The book, by Bekah Brunstetter, begins with a few smart updates: The earliest action between Younger Noah (John Cardoza) and Allie (Jordan Tyson) is moved from the WWII-era of the film to Vietnam-era, which Noah and friends get tangled up in, adding extra stakes. (The benefit of 30 or so years also allows the fact that they are a mixed-race couple to be unremarked upon.) Additionally, and rather brilliantly, the stage show introduces three versions of our main lovers, as opposed to the two sets from the film. The three versions of the couple often appear on stage all together, a sharp and moving choice that clearly demonstrates the strange ways our memories work, all tangled up and often in conversation with each other: Were we ever so young? Why didn’t I appreciate all that then?

It’s hard to imagine many audience members being unfamiliar with the popular story, so the production smartly excises much of the suspense of how, exactly, an older couple in a nursing home relate to a young couple falling madly in love and then drifting apart. They’re the same. We’ve got it. Dropping that mystery opens the door for other clever staging choices by directors Michael Greif (“Rent,” “Next to Normal”) and Schele Williams such as having Older Noah (Dorian Harewood) and Allie (Maryann Plunkett) park at the corner of the stage for large parts of the show watching their younger selves.

The three Noahs of ‘The Notebook’Photo: Julieta Cervantes

It’s a moving tableau, how quickly time shifts and slips away. Older Noah gets in plenty of aging jokes — “two young people, with glowing skin they did not appreciate, and bodies they’d spend the rest of their lives trying to get back” — that went over like gangbusters to the older-skewing crowd at the matinee this reporter attended. There’s actually a lot of age-related humor: A Gen Z nursing home attendant (an appropriately goofy Carson Stewart) is a fun representation of the well-meaning but cluelessness of youth.

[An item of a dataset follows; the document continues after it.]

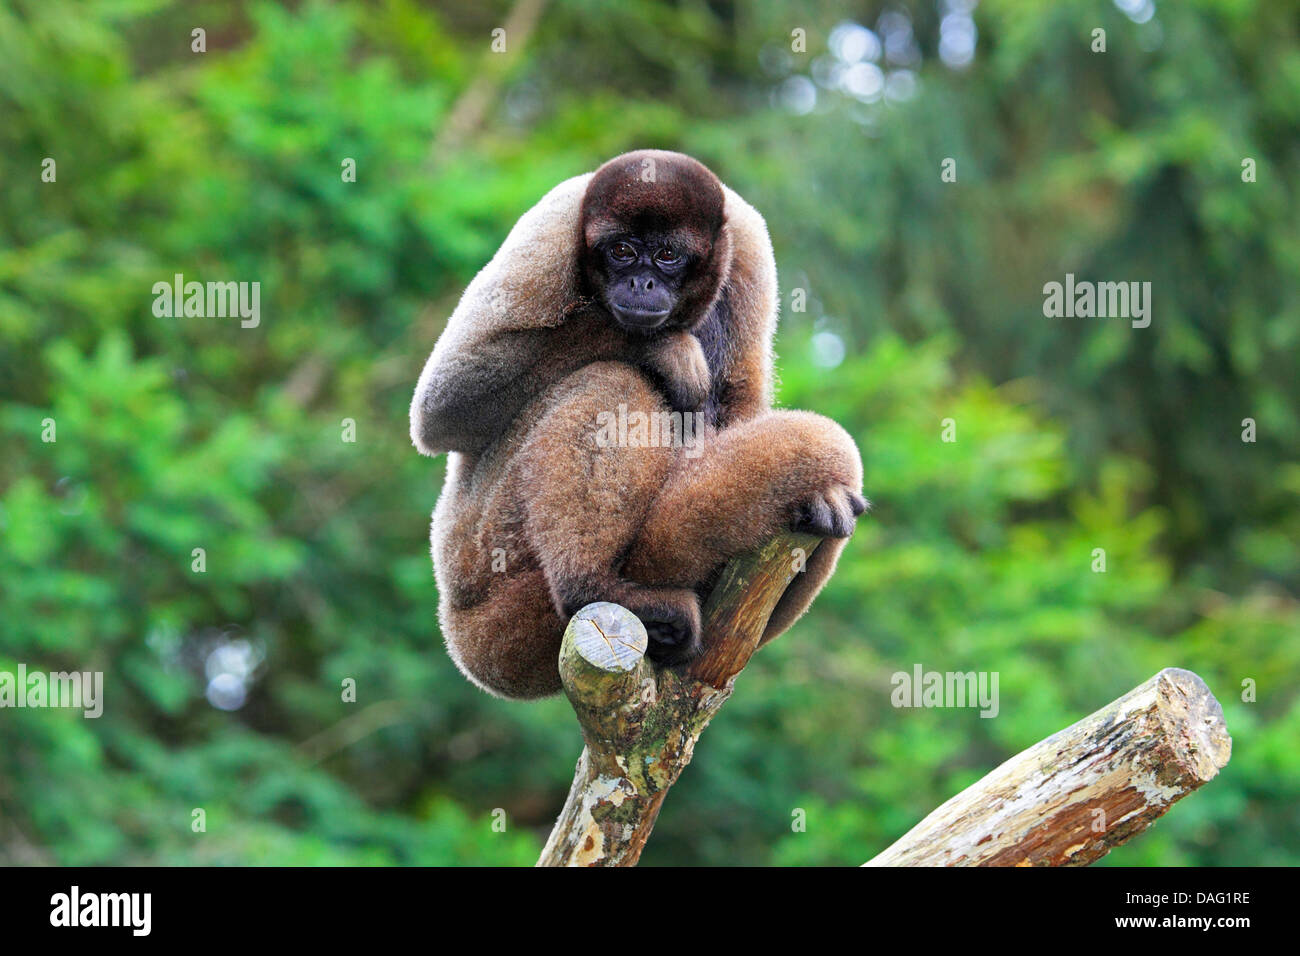 Common woolly monkey, Humboldt's woolly monkey, Brown woolly monkey (Lagothrix lagotricha), sitting on a climbing tree in an open-air enclosure Stock Photo

With a lack of big plot mysteries, it helps that all three couples have charm to spare; Middle Allie (Joy Woods) and Noah (Ryan Vasquez) bring a sexy heat to some of the biggest beats of the second-chance love story (dreamy production design — including rain! — is a highlight). In fact, it almost kind of works that the third leg of their problematic love triangle, Lon!(!), is so forgettable; we spend next to no time with Middle Allie’s inconvenient fiancee. Don’t worry, everyone, he won’t be sticking around.

While all three versions of the couple have their sweet moments together, it’s disappointing the story isn’t quite developed enough for the different versions of Noahs and Allies to all feel like they share a similar DNA, despite similar clothes. That’s a bummer, as is Michaelson’s melodic but very similarly paced score. A few more high tempo moments in both the music and the story would have made the lows hit all the more.

And boy, are there lows. It’s a great credit to the production that as the horrors of dementia come into focus the show doesn’t fully drown in the tears (SO many tears!) of audience members. Instead, we’re left with a soft landing of sorts, thanks to the restrained, emotional performances of Harewood and Plunkett, melding the hopelessness of a disease with the hope that must come through in some way in all musicals — even the tragedies. If fans are left wishing they’d gotten a bit more time with people they’ve grown to care about, well, don’t we all.

Grade: B

“The Notebook” on Broadway is officially open. The film is currently available to stream on Max and Hulu.